Provided data ->
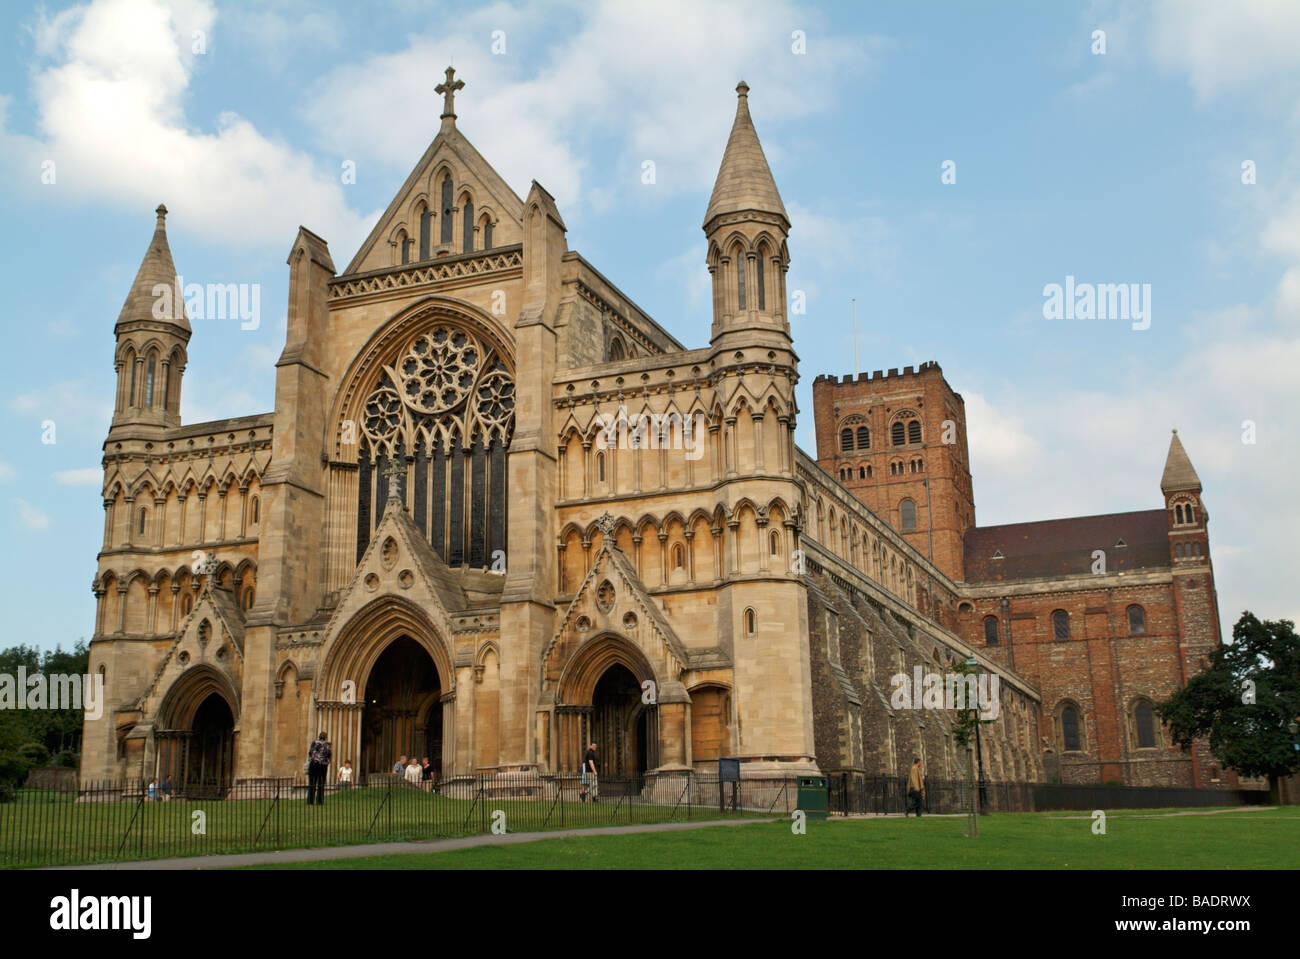 L'extrémité ouest de la cathédrale et église abbatiale de St Alban, St Albans, Hertfordshire, England, UK. Banque D'Images
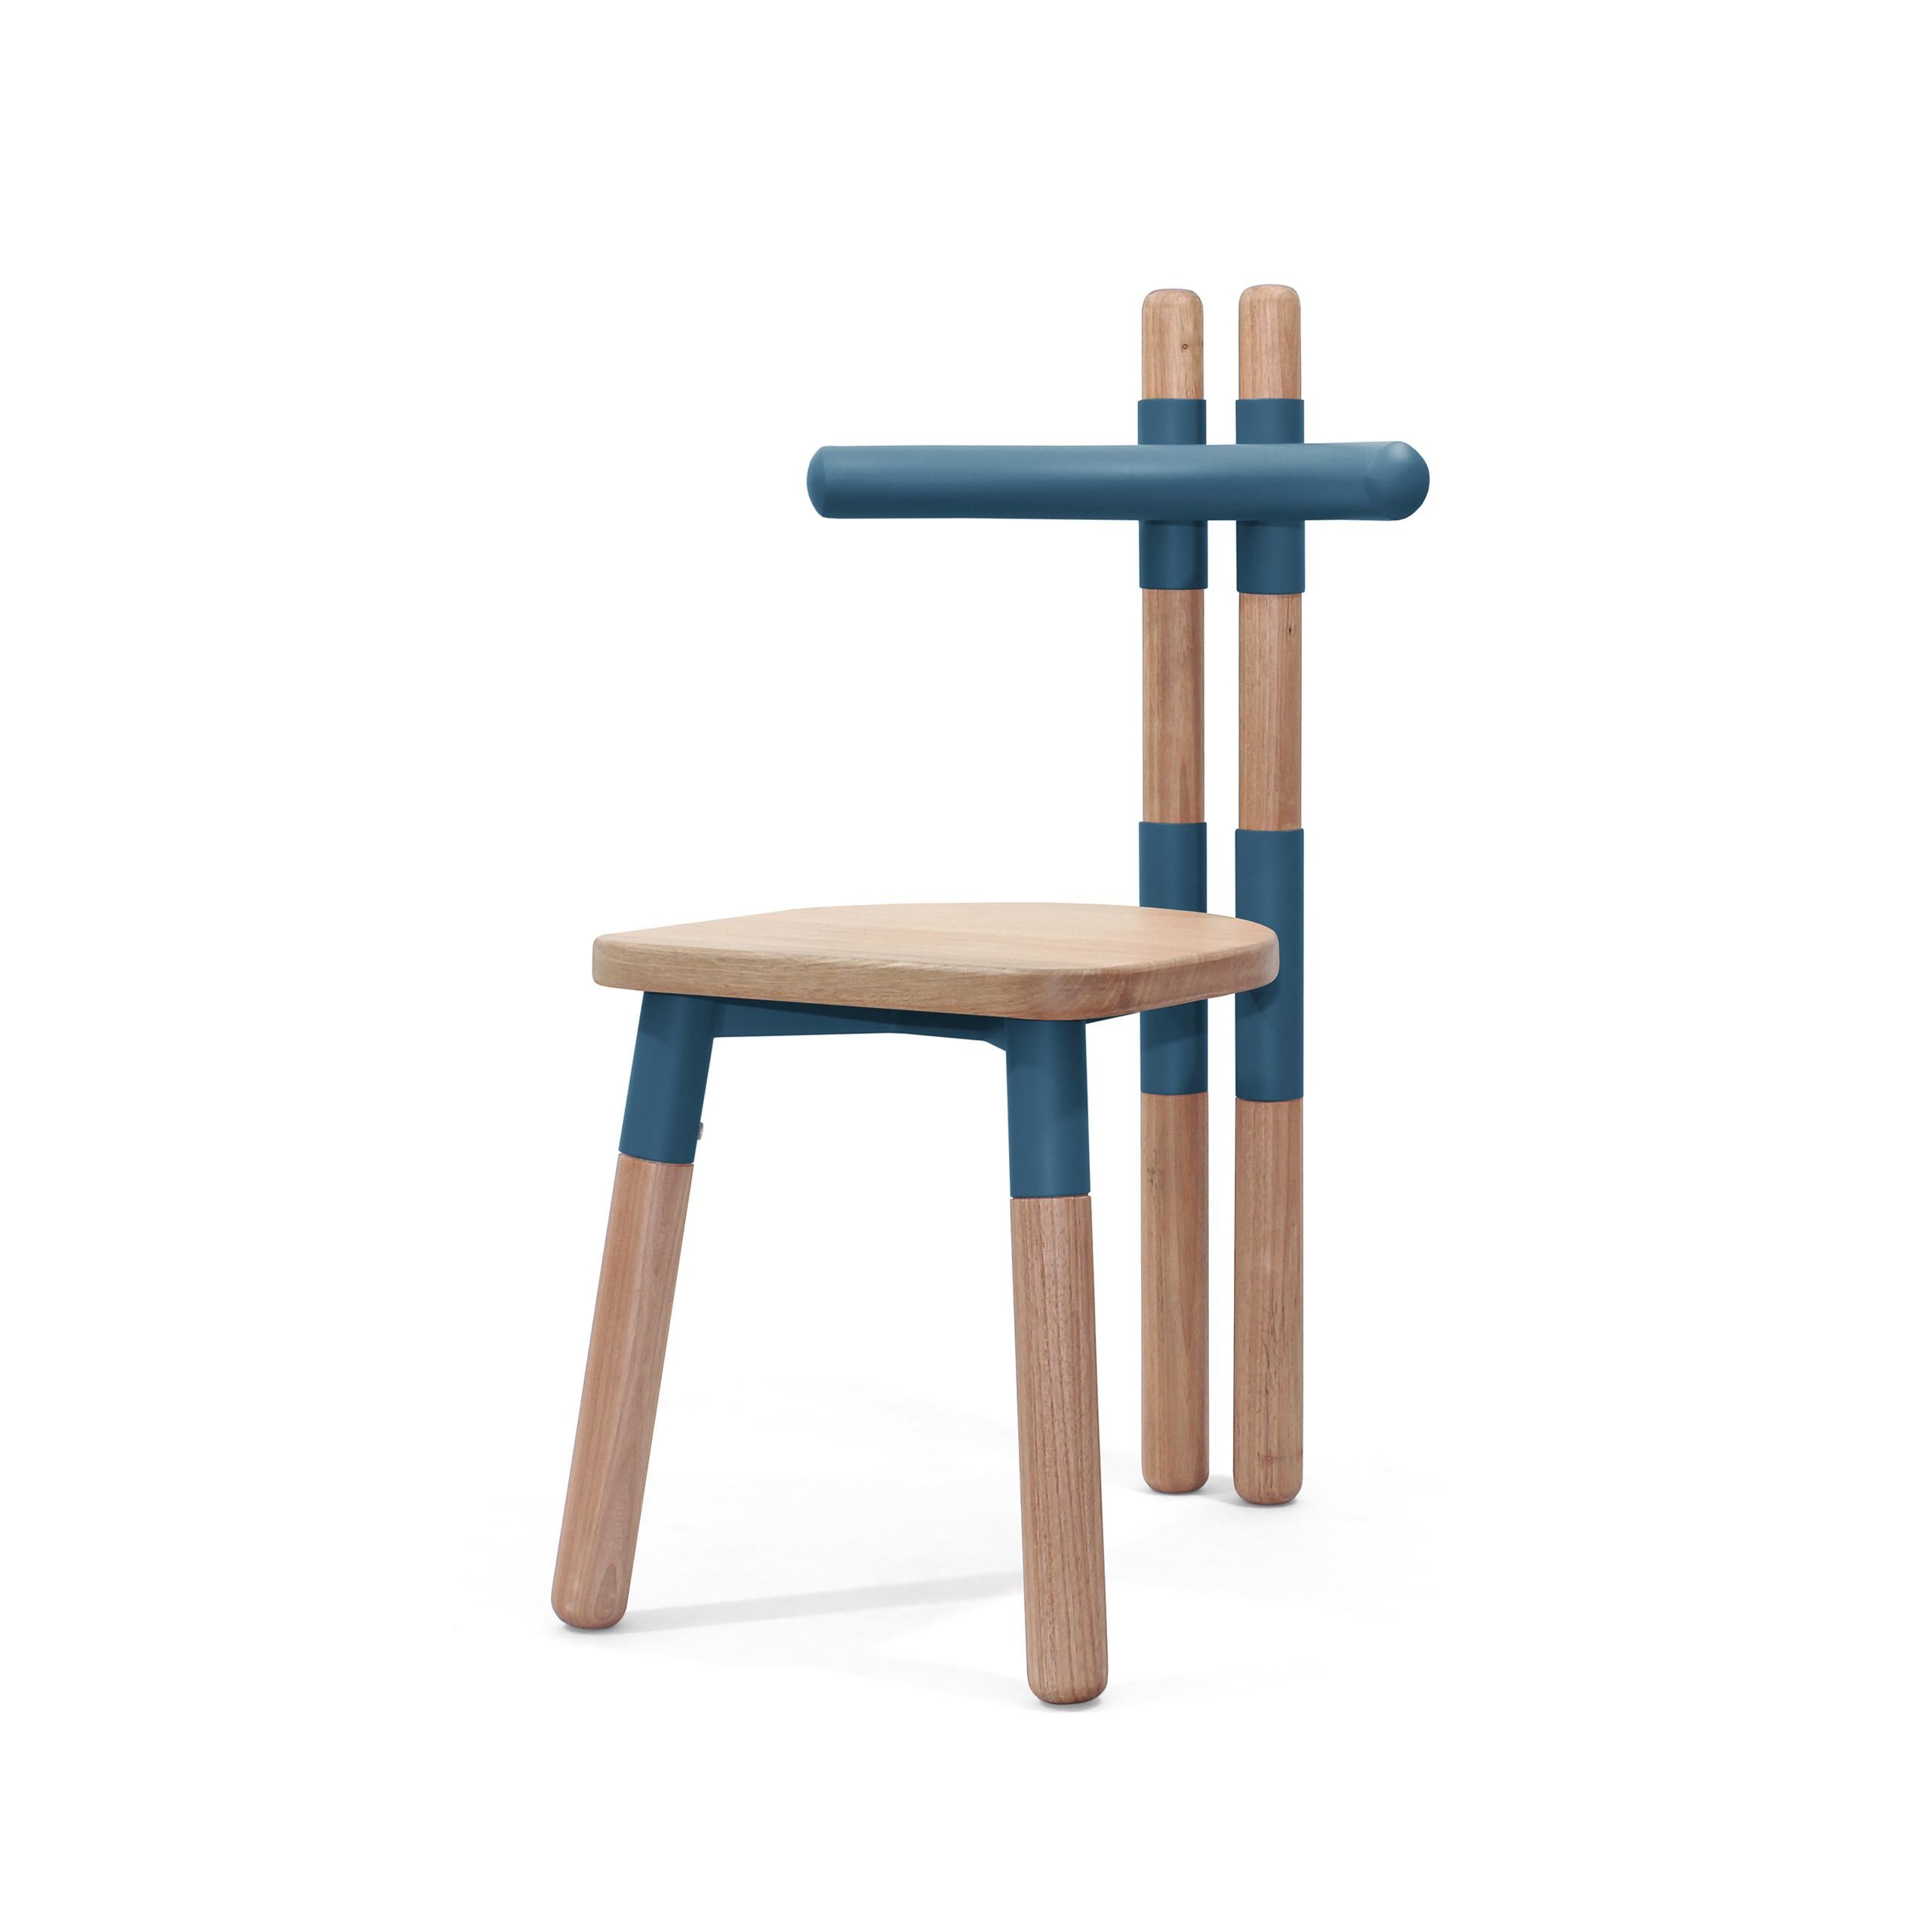 Der Stuhl PK12 ist von den Holzbindern inspiriert, die bei der Konstruktion von Dächern verwendet werden.
Die Stuhlmuffen beziehen sich auf das

The problem -> Pictures are not part of the copy. Please reproduce the material word for word.

Response to this exercise ->
 L'extrémité ouest de la cathédrale et église abbatiale de St Alban, St Albans, Hertfordshire, England, UK. Banque D'Images
 Der Stuhl PK12 ist von den Holzbindern inspiriert, die bei der Konstruktion von Dächern verwendet werden.
Die Stuhlmuffen beziehen sich auf das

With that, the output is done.